EARNINGS PER COMMON SHARE COMPUTATIONS
(Dollars in millions, except per share amounts; shares in thousands)
 Three months ended June 30,Six months ended June 30,
 2025202420252024
Sempra:
Numerator:    
Earnings attributable to common shares$461 $713 $1,367 $1,514 
Denominator:    
Weighted-average common shares outstanding for basic EPS(1)
652,664 633,450 652,330 633,135 
Dilutive effect of common shares sold forward101 1,139 51 906 
Dilutive effect of stock options and RSUs(2)
459 1,690 742 1,776 
Weighted-average common shares outstanding for diluted EPS653,224 636,279 653,123 635,817 
EPS:
Basic$0.71 $1.13 $2.10 $2.39 
Diluted$0.71 $1.12 $2.09 $2.38 
(1)    Includes 499 and 610 fully vested RSUs held in our Deferred Compensation Plan for the three months ended June 30, 2025 and 2024, respectively, and 507 and 617 of such RSUs for the six months ended June 30, 2025 and 2024, respectively. These fully vested RSUs are included in weighted-average common shares outstanding for basic EPS because there are no conditions under which the corresponding shares will not be issued.

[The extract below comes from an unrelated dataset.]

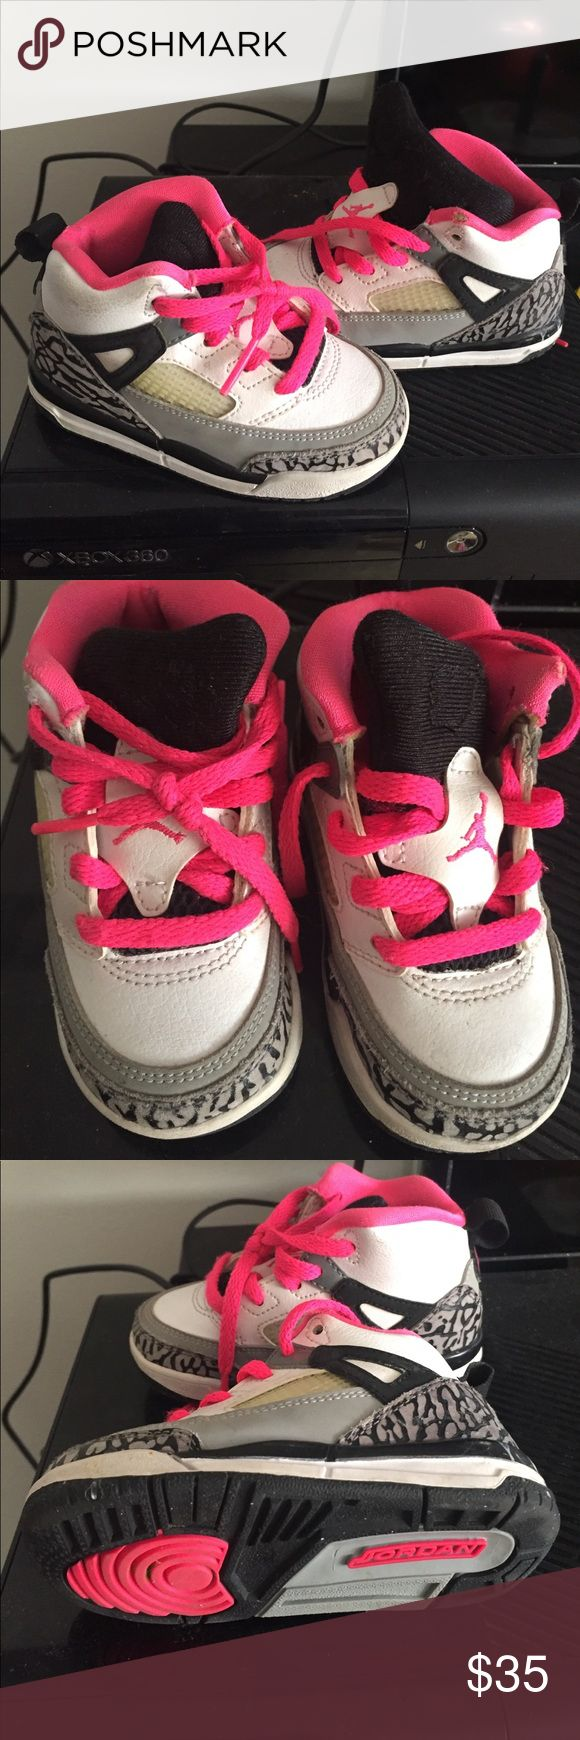 Nike Jordan Spizike toddler 6c used Good shape Nike toddler Jordan Spizike 6c Jordan Shoes Sneakers

(2)    Due to market fluctuations of both Sempra common stock and the comparative indices used to determine the vesting percentage of our total shareholder return performance-based RSUs, which we discuss in Note 13 of the Notes to Consolidated Financial Statements in the Annual Report, dilutive RSUs may vary widely from period-to-period.
The potentially dilutive impact from stock options and RSUs is calculated under the treasury stock method. Under this method, proceeds based on the exercise price and unearned compensation are assumed to be used to repurchase shares on the open market at the average market price for the period, reducing the number of potential new shares to be issued and sometimes causing an antidilutive effect. The computation of diluted EPS for the three months and six months ended June 30, 2025 excludes 1,376,618 and 949,450 potentially dilutive shares, respectively, and the computation of diluted EPS for the three months and six months ended June 30, 2024 excludes 1,184,115 and 1,270,327 potentially dilutive shares, respectively, because to include them would be antidilutive for the period. However, these shares could potentially dilute basic EPS in the future.
The potentially dilutive impact from the forward sale of our common stock pursuant to the forward sale agreements that we discuss above is reflected in our diluted EPS calculation using the treasury stock method. We anticipate there will be a dilutive effect on our EPS when the average market price of our common stock shares is above the applicable adjusted forward price, subject to increase or decrease based on the overnight bank funding rate, less a spread, and subject to decrease by amounts related to expected dividends on shares of our common stock during the term of the forward sale agreements. Additionally, if we decide to physically settle or net share settle the forward sale agreements, delivery of our shares to the forward purchasers on any such physical settlement or net share settlement of the forward sale agreements would result in dilution to our EPS.
Pursuant to Sempra’s share-based compensation plans, the Compensation and Talent Development Committee of Sempra’s board of directors granted 303,614 nonqualified stock options, 628,413 performance-based RSUs and 260,012 service-based RSUs in the six months ended June 30, 2025, primarily in January.
We discuss share-based compensation plans and related awards and the terms and conditions of Sempra’s equity securities further in Notes 11, 12 and 13 of the Notes to Consolidated Financial Statements in the Annual Report.